### Task objective
Please reproduce the lines from the one containing "A Black Shirt - shopstateside.us" through the end of the data below exactly as they stand, and omit all pictures.

### Raw data
========================

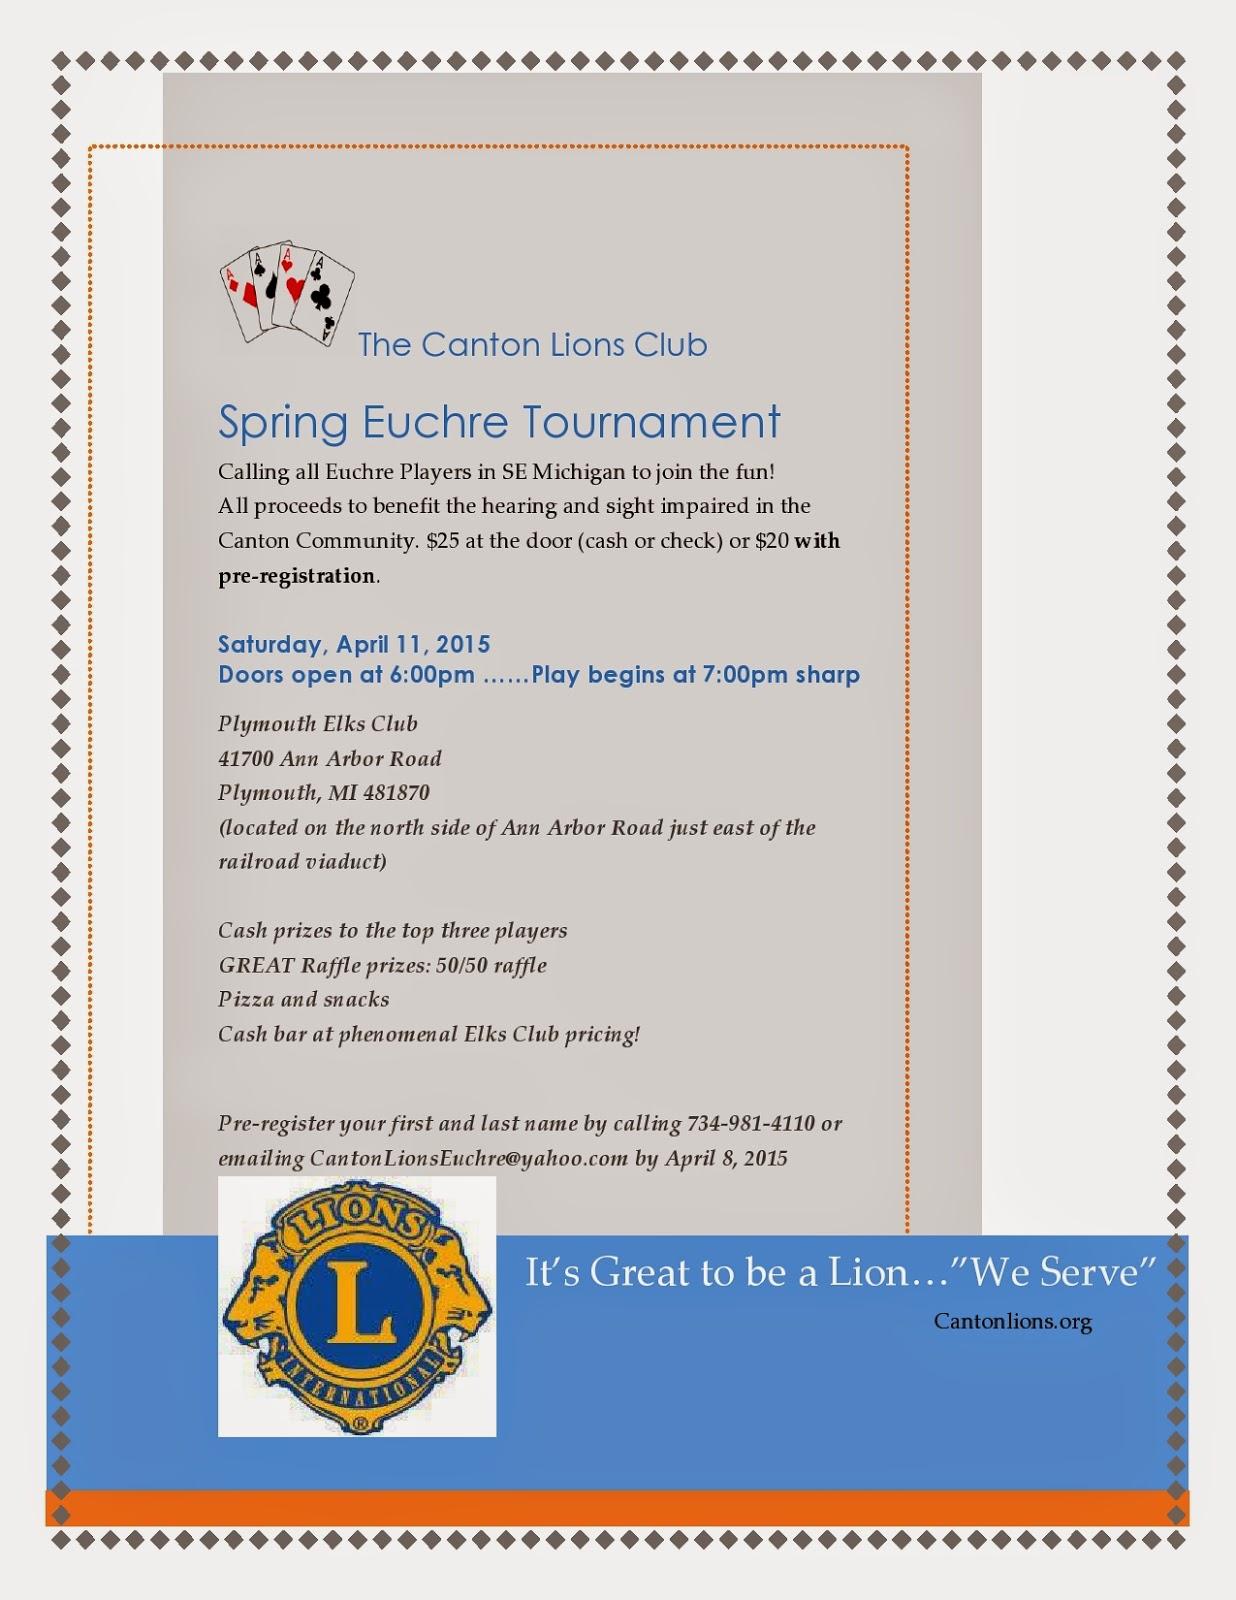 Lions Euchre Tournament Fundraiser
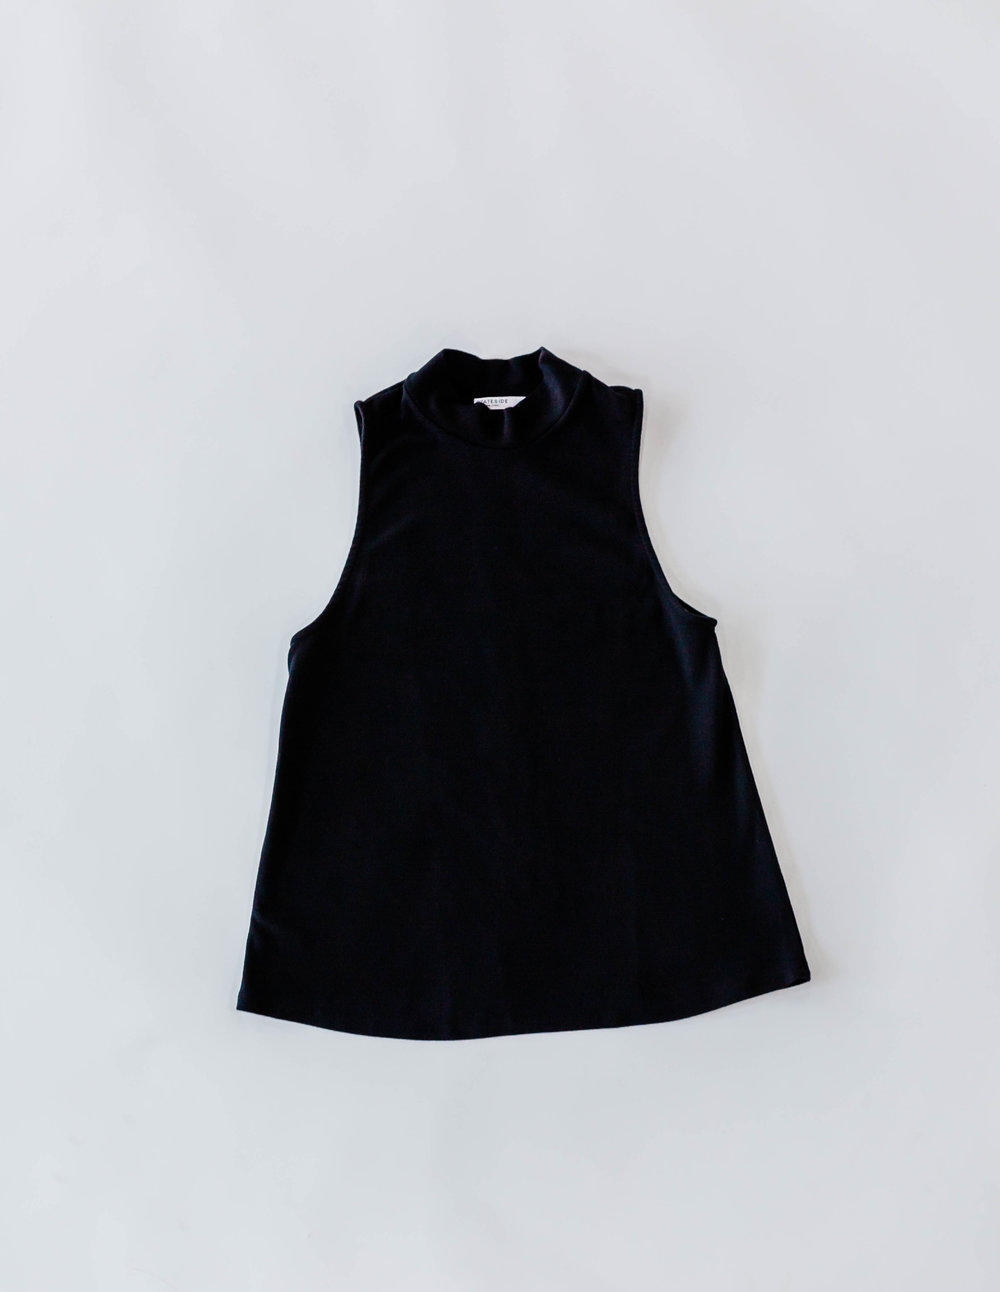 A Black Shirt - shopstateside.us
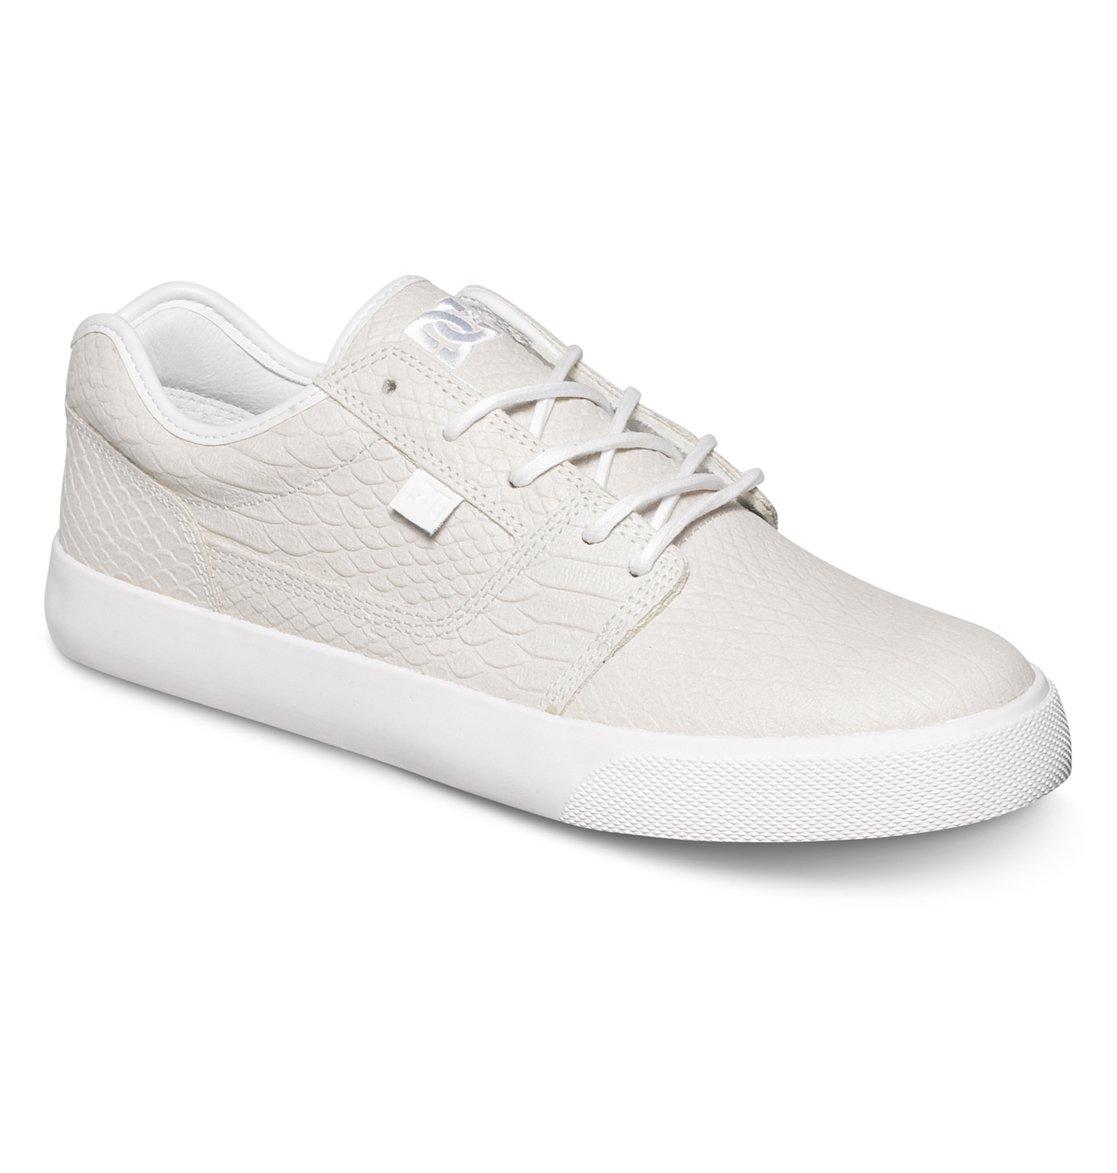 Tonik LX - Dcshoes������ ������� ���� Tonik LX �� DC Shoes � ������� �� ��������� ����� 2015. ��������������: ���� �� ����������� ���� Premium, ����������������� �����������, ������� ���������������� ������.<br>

========================

### Output for this task
 A Black Shirt - shopstateside.us
 Tonik LX - Dcshoes������ ������� ���� Tonik LX �� DC Shoes � ������� �� ��������� ����� 2015. ��������������: ���� �� ����������� ���� Premium, ����������������� �����������, ������� ���������������� ������.<br>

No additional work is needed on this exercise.